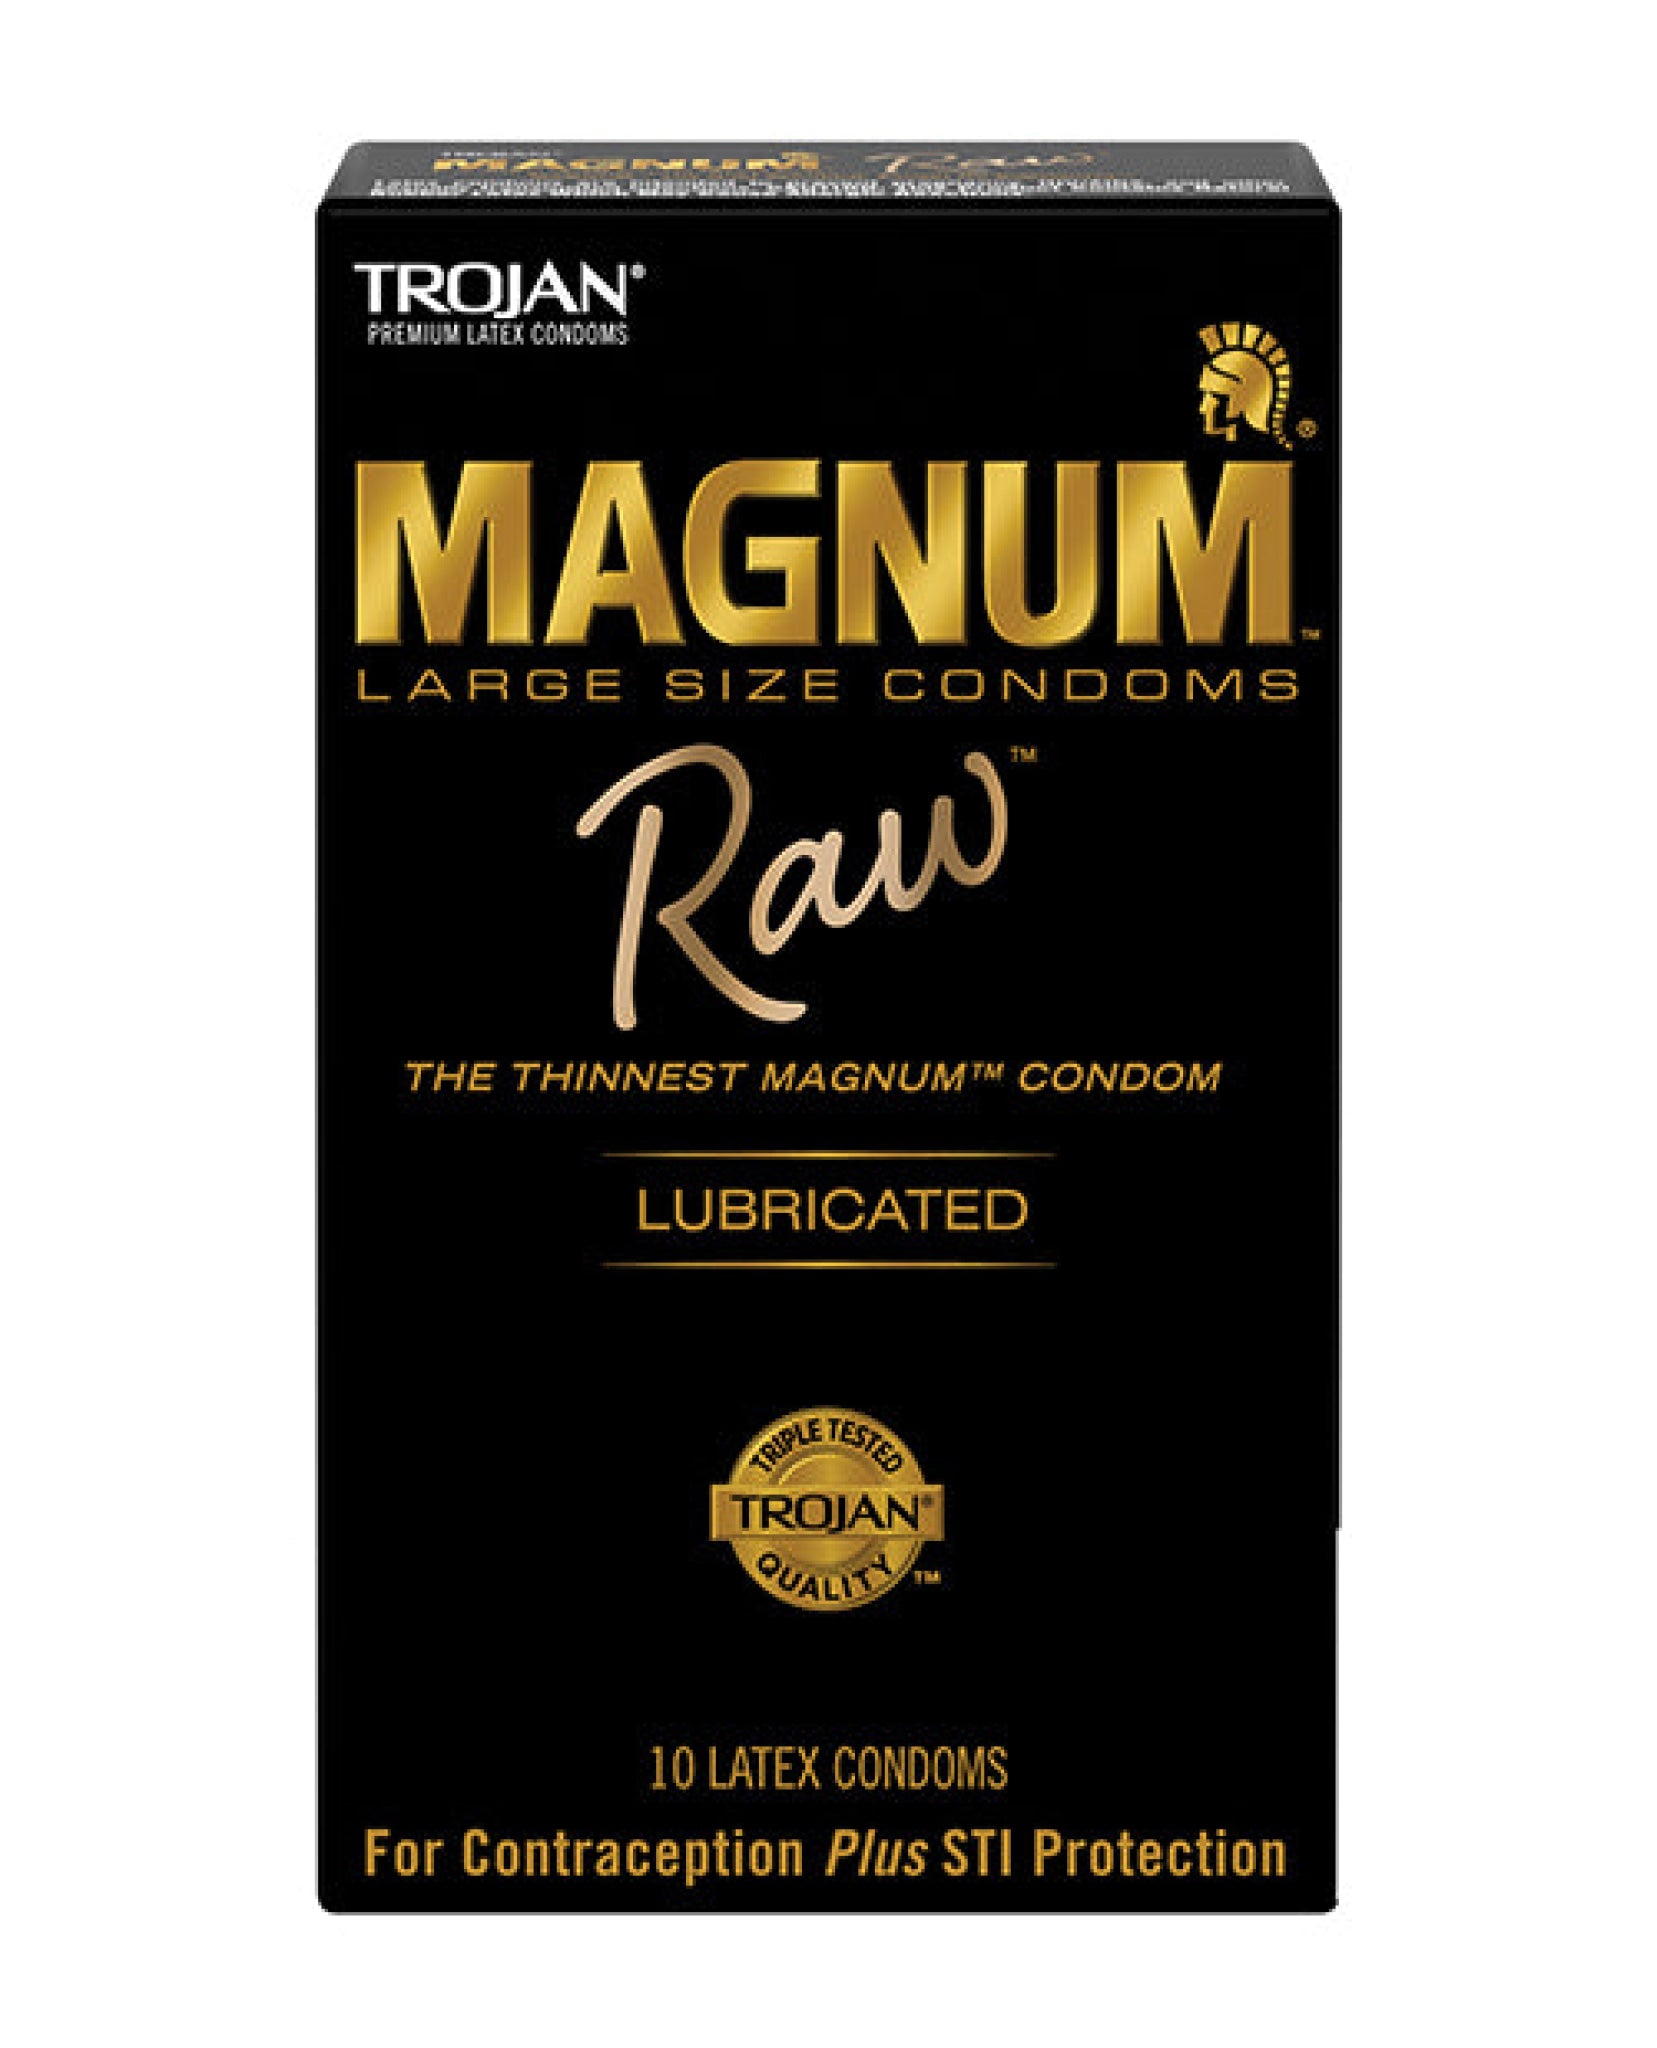 Trojan Magnum Raw Condoms - Pack of 10 Paradise Marketing
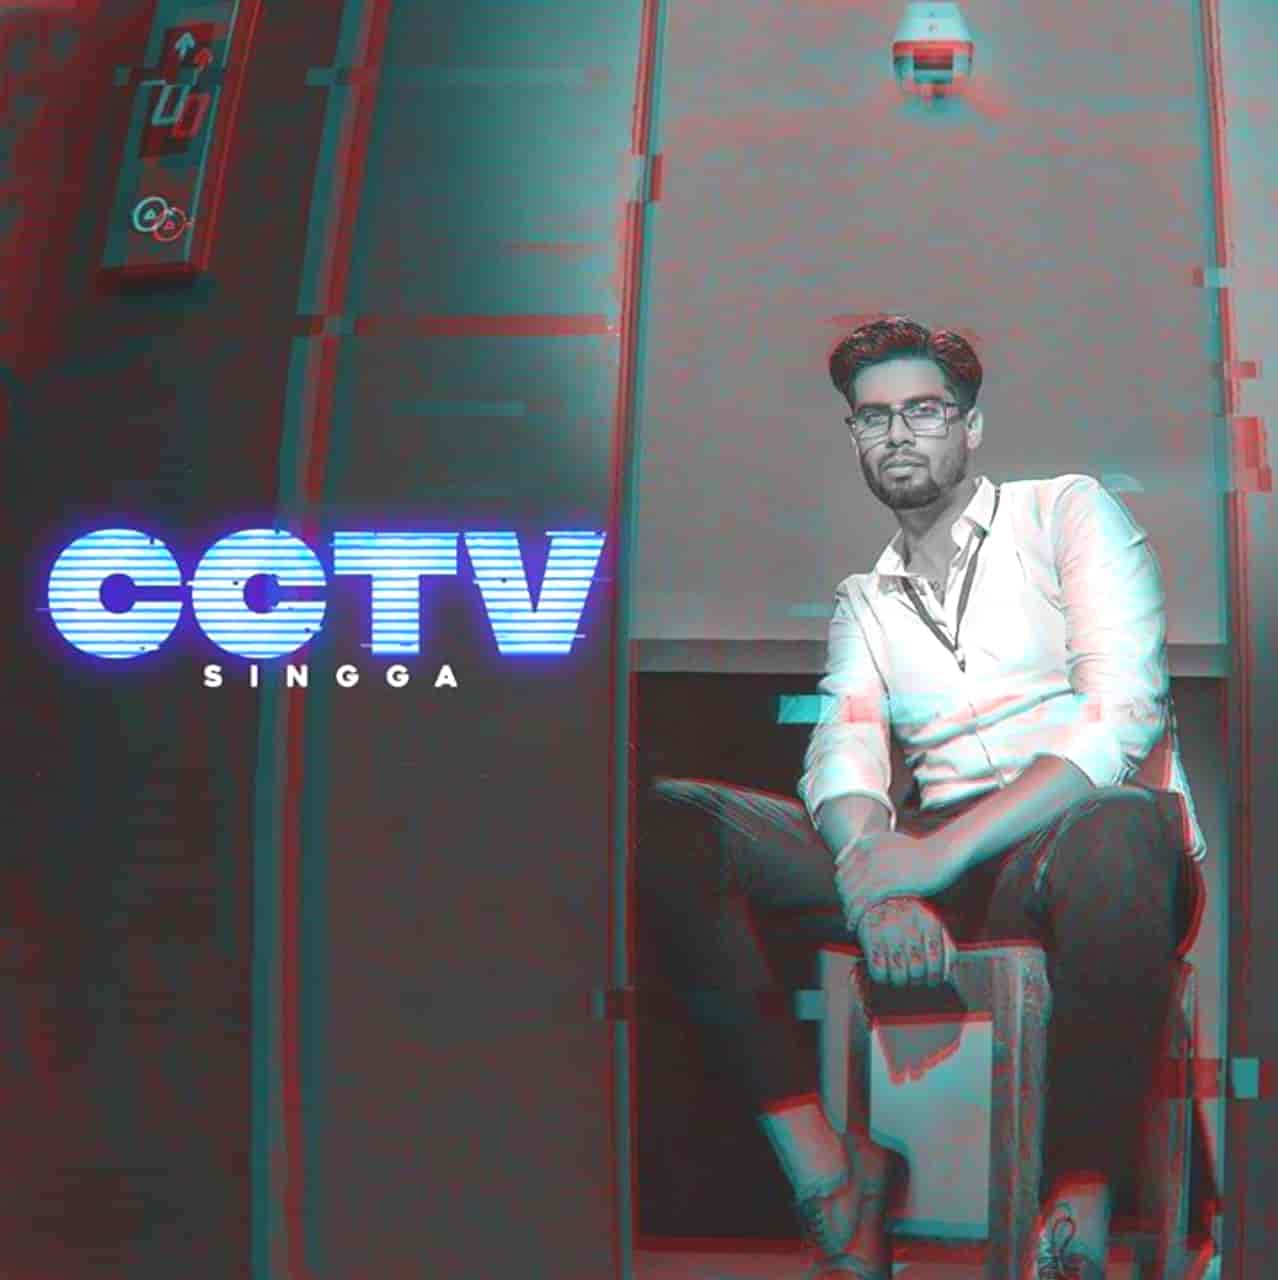 CCTV Punjabi Song Image Features Singga
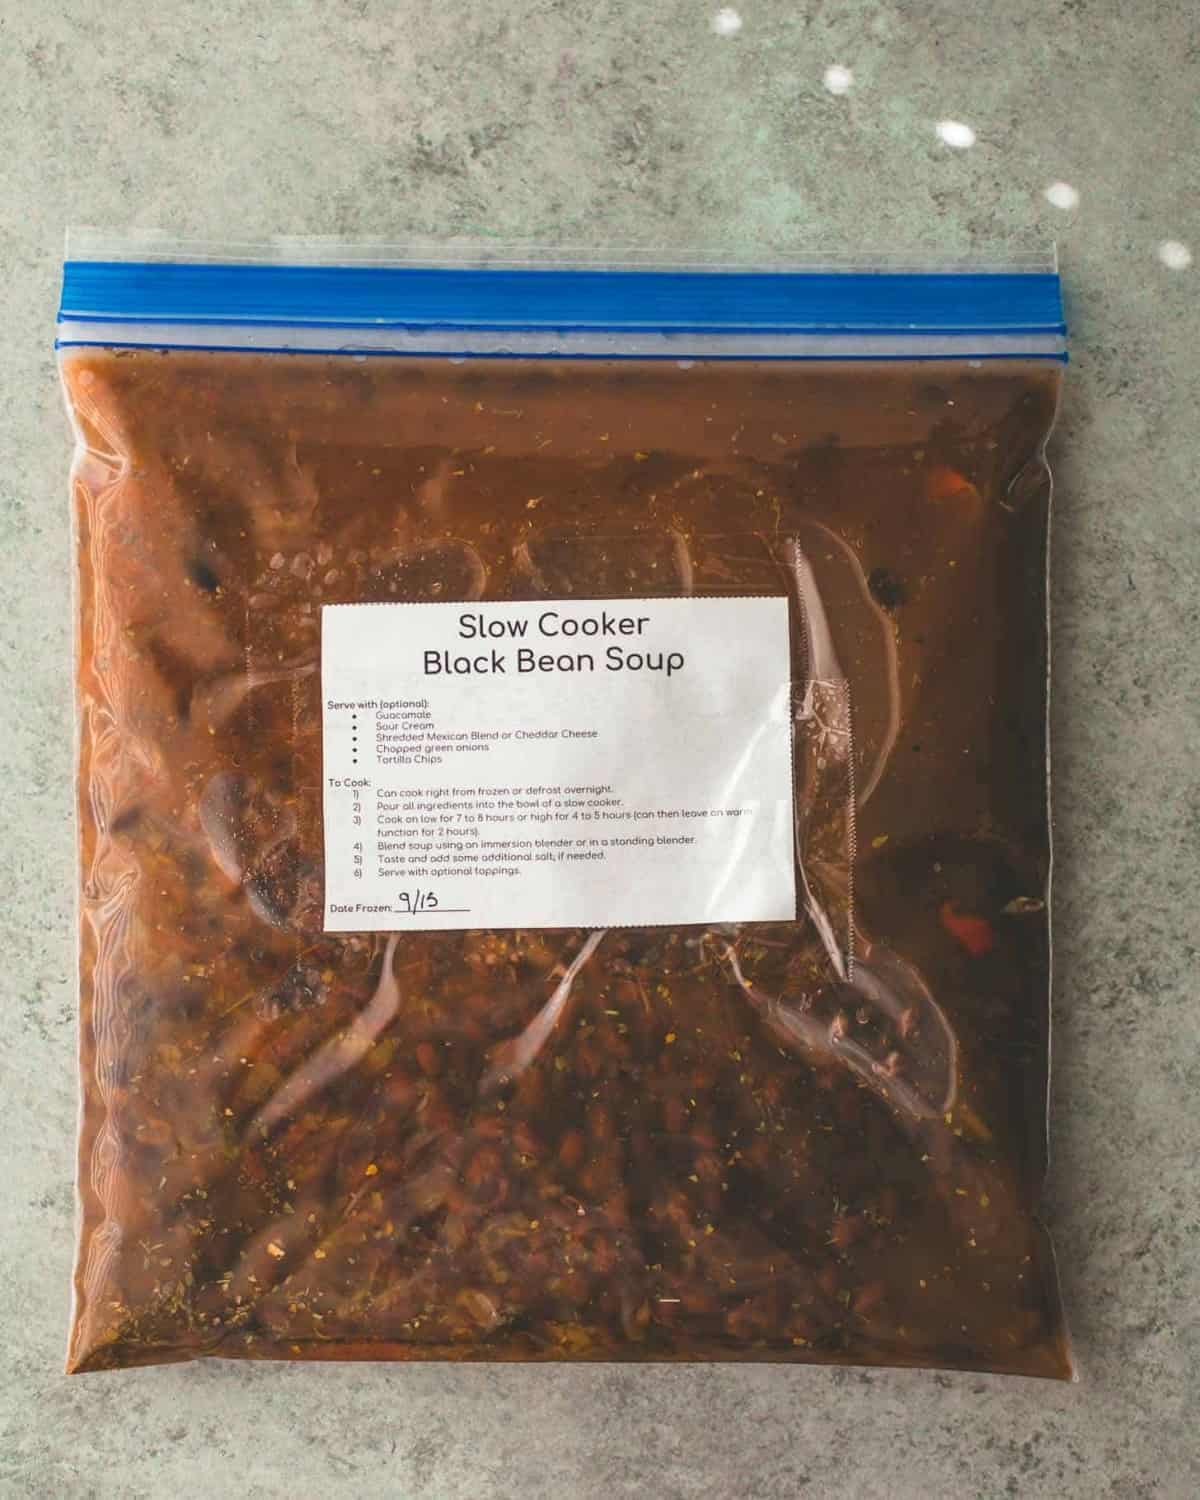 Slow Cooker Black Bean Soup in a freezer bag

## Work required
For this exercise, retype the data above exactly and skip every image.

## Reply
 Trojan Magnum Raw Condoms - Pack of 10 Paradise Marketing
 CCTV Punjabi Song Image Features Singga
 Slow Cooker Black Bean Soup in a freezer bag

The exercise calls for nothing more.